Malam terakhir, jelang subuh ia menungguiku terbangun dari tidur nyenyakku. Rambutnya basah. Matanya sembab. Setengah sadar aku himpun pikiranku untuk segera kembali normal.
“Aku harus berterus terus sekarang!!”
“Soal apa?” Tanyaku membuat air-matanya menuruni pipi langsatnya.
“Aku...aku...???” Suaranya terbata-bata.
“Aku apa? Katakanlah?” Pintaku penasaran.
“Keputusan ini, mungkin sangat menyakitkan bagimu..!!” Ia terdiam. Aku juga belum mengerti apa yang ia maksudkan.
“Aisyah, nama samaran. Ita nama asliku. Aku sebenarnya sudah bersuami...” Sengatan listrik serasa menjalar di tubuhku. Aku hanya bisa terpaku di atas kasur dan selimut lusuh. Ruangan itu seolah-olah ambruk dan menimpali kepalaku. Ia berdiri. Jendela tertutup itu, ia buka dengan pelan, penuh penderitaan.
“Suamiku kerja di sebuah intasi pemerintahan Ibu Kota. Setahun sekali ia pulang. Menemuiku hanya dalam satu malam. Aku tak ubahnya hanya sebuah pajangan yang ia pandangi. Ia sentuh saat ia perlukan” Nadanya memelas. Angin subuh menerpanya. Bibirnya gemetar. Tubuhnya bersandar pada dinding triplek berwarna putih kusam.
“Lalu kau melampiaskan kesepianmu padaku?” Tanyaku menimpalinya.
“Perempuan butuh kasih sayang. Harta, jabatan, bukan satu-satunya penjamin kebahagian. Aku sendiri tidak yakin bahwa suamiku sibuk dengan pekerjaannya sebagai pengemban amanah negara” Kata-katanya membuat hati ngilu.
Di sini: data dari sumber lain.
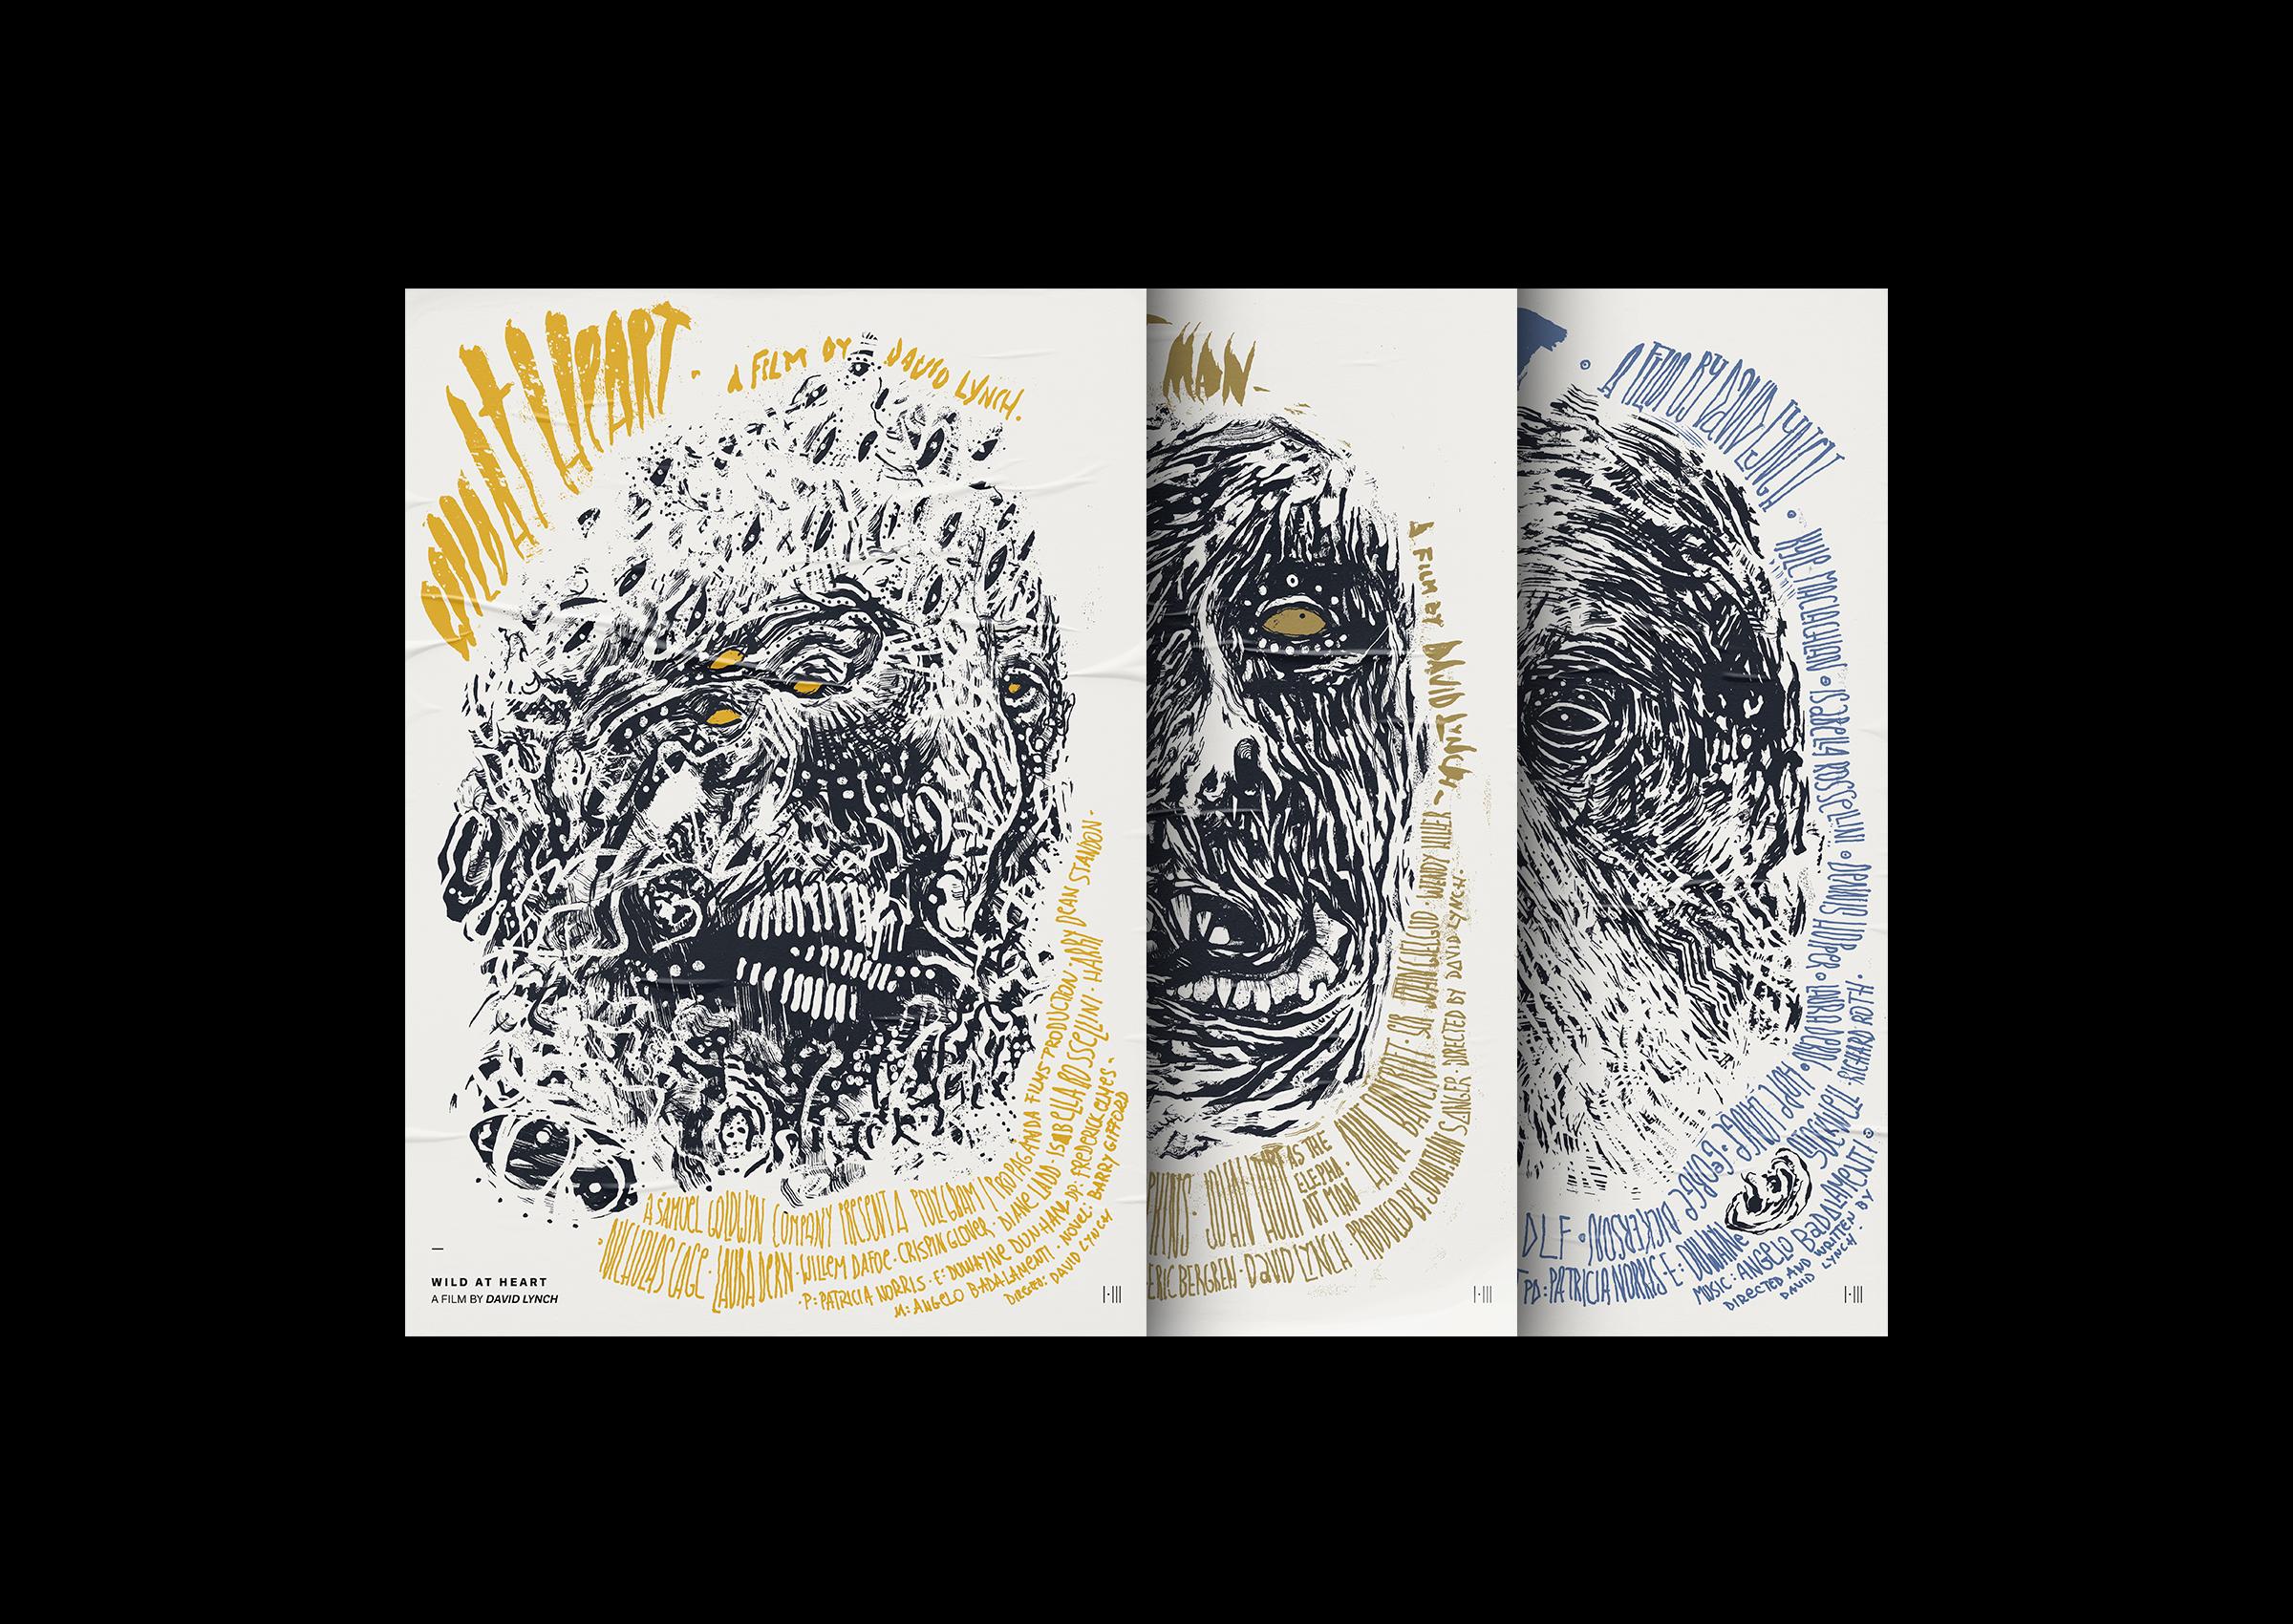 David Lynch Film Posters

Aku hanya tidak habis pikir, dari mana ia tahu kalau suaminya juga menghianatinya. “Bukankah ini hanya alasan ia saja, untuk merebut rasa empatiku?” Benakku bercecamuk. Antara percaya dan tidak atas pernyataan yang baru saja ia lontarkan padaku.
“Lantas, kenapa kau tidak ikut mendampingi suamimu ke Ibu Kota???”
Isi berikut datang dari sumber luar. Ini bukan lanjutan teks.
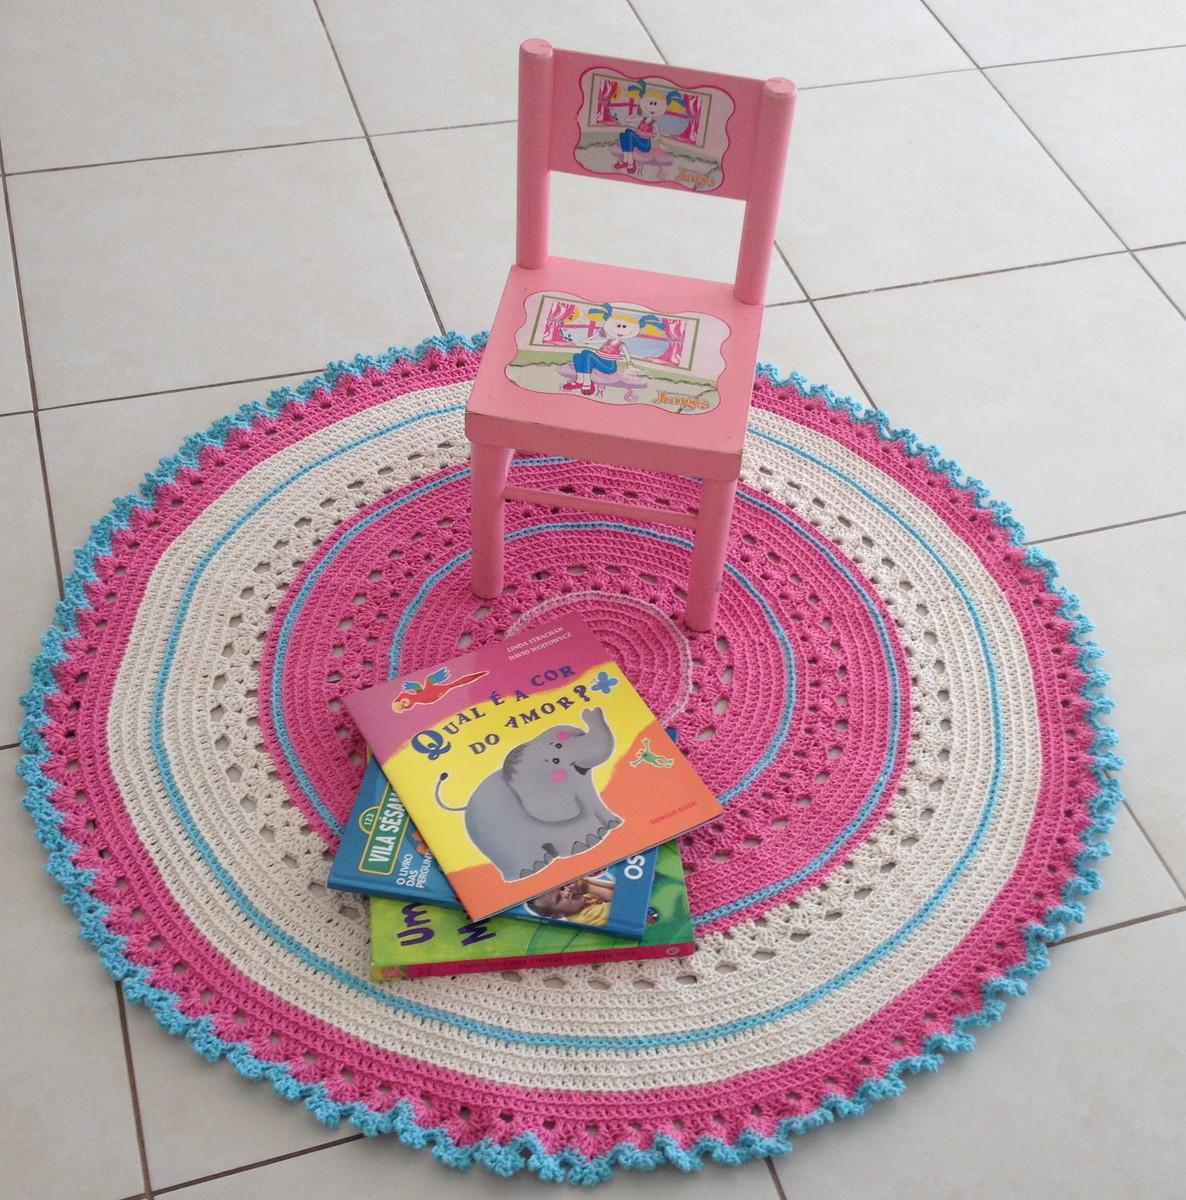 tapete rosa e azul baby maria fernanda ateli vera peixoto elo7. Black Bedroom Furniture Sets. Home Design Ideas

“Ia menyuruhku berdiam di rumah saja. Menunggui rumah besar. Kosong. Penuh kehampaan” Tangisnya meledak. Tubuhnya ambruk. Bersimpuh rapuh. Aku bangkit dari tempat tidurku. Mendekati perempuan malang itu. Memapahnya dan mendudukkannya ke tempat tidur. Ia merangkulku penuh ketakutan. Takut akan kehilanganku. Takut akan jauh dariku.
“Sudahlah...!!” Aku mencoba menegarkan kembali. Menyatukan puing-puing kesedihan yang berserakan. Aku hapus airmata yang terus mengalir deras di kedua pipinya. Adzan subuh berkumandang. Kota yang baru saja lengang itu kembali berbisik. Bisikan adzan di setiap corong-corong masjid membuat tubuhku gigil. Gigil atas kekecewaan. Ketidak percayaan. Di akhir ujung pertemuanku dengannya begitu menyakitkan. Bimbang. “Apa yang harus aku lakukan, sekarang” Itulah sisa rasa kemanusiaanku bercecabang. Tidak tega bila harus meninggalkannya dalam keadaan demikian.

***

            Lelaki simpanan, terasa geli bila didengar. Sejak pengakuan subuh itu. Ita kupanggil nama sebenarnya. Kami layaknya suami-istri. Makan, minum, hingga urusan paling intim menemani hari-hari kami. Kami tak lagi di rumah penginapan kumuh. Ia membawaku ke istananya. Sebuah bangunan berarsitektur kekinian. Besar. Molek dan megah. Luas halaman rumahnya serupa taman bebunga. Anggrek, mawar, juga matahari bermekaran di ruas jalan disertai kerikil putih menuju teras rumahnya. Kolam dengan ikan-ikan hias, hidup tenang di bawah pancuran air yang keluar dari bebatuan di tepian dinding pagar bercat menyerupai lereng-lereng pegunungan.
            Hidup seperti ini tidak pernah aku bayangkan sebelumnya. Para pembantu-pun acuh tak acuh dengan keberadaanku. Demikian juga denganku. Ita telah membuat cerukan hidup yang tak pernah aku mengerti, aku pahami.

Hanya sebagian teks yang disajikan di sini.